Abstract

Fibrosarcoma of bone occur in any location but mainly affects long bone. Its occurrence in craniofacial region is about 15%, mandible being the most common site. Fibrosarcoma of hed and neck area represents 5% of all malignant intraosseous tumours. It is commonly seen between 3rdto 6thdecades of life. Here we present a case in 65 years old female with past history of radiotherapy for carcinoma of buccal mucosa and now presents with fibrosarcoma of the left jaw which was diagnosed by FNAC and confirmed by biopsy.

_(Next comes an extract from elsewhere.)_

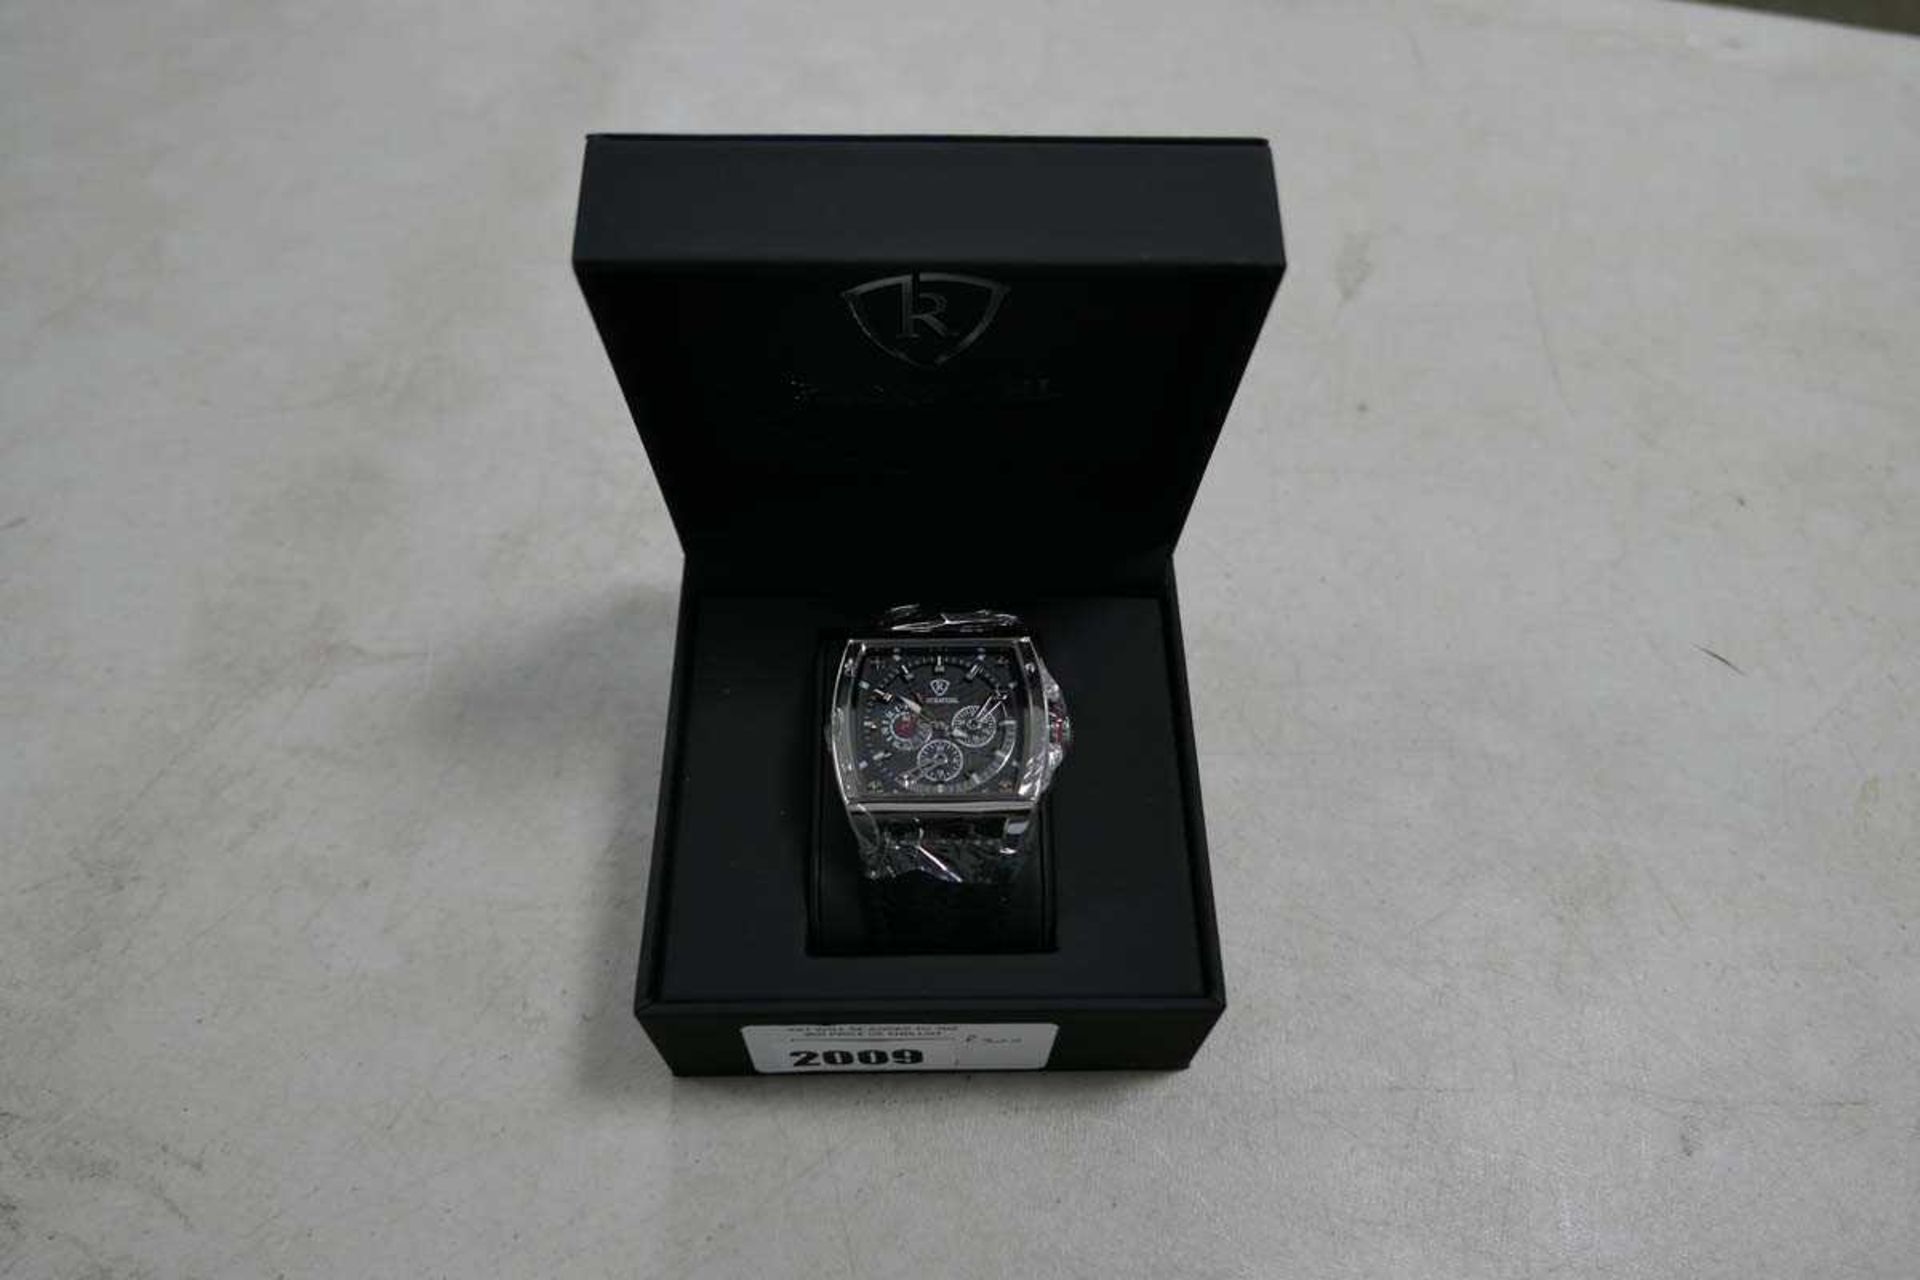 +VAT Ruckstuhl R300 chronograph watch with box

Keywords: Fibrosarcoma Mandibular neoplasms Secondary primary tumor


Background

Fibrosarcoma is a malignant spindle cell neoplasm. Soft tissue sarcomas are rare in the oral and maxillofacial region and account for less than 1% of the cancers. Fibrosarcoma is the most common soft tissue sarcoma. It constitutes about 5% of head and neck malignant osseous tumours. Its occurrence in craniofacial region is about 15%, mandible being the most common site. The cause for primary fibrosarcoma is not exactly known. However, there are a few proved risk factors for fibrosarcoma presenting as a secondary malignant tumour [1][2].

Case History

65 years female presented with the history of swelling in left jaw since one month ( Figure 1 ). Swelling of the jaw was insidious in onset, gradually progressive and associated with dull aching pain, non-radiating without any aggravating and relieving factors. Patient had difficulty in articulation. Patient gives a history of tooth extraction once, six months back and second time two months back. Past history revealed that the patient had undergone right hemimandibulectomy surgery eight years back for carcinoma of buccal mucosa and radiotherapy was given to the patient post-operatively. Family history was not significant. On examination, the swelling was present on left side in mandibular region measuring 6x5x5 cms. Overlying skin was stretched. Intraorally the tumour extended into the oral cavity and was firm in consistency, nodular with ulceration of buccal mucosa. The tumour was fixed to the bone. There was no evidence of any palpable cervical lymph nodes.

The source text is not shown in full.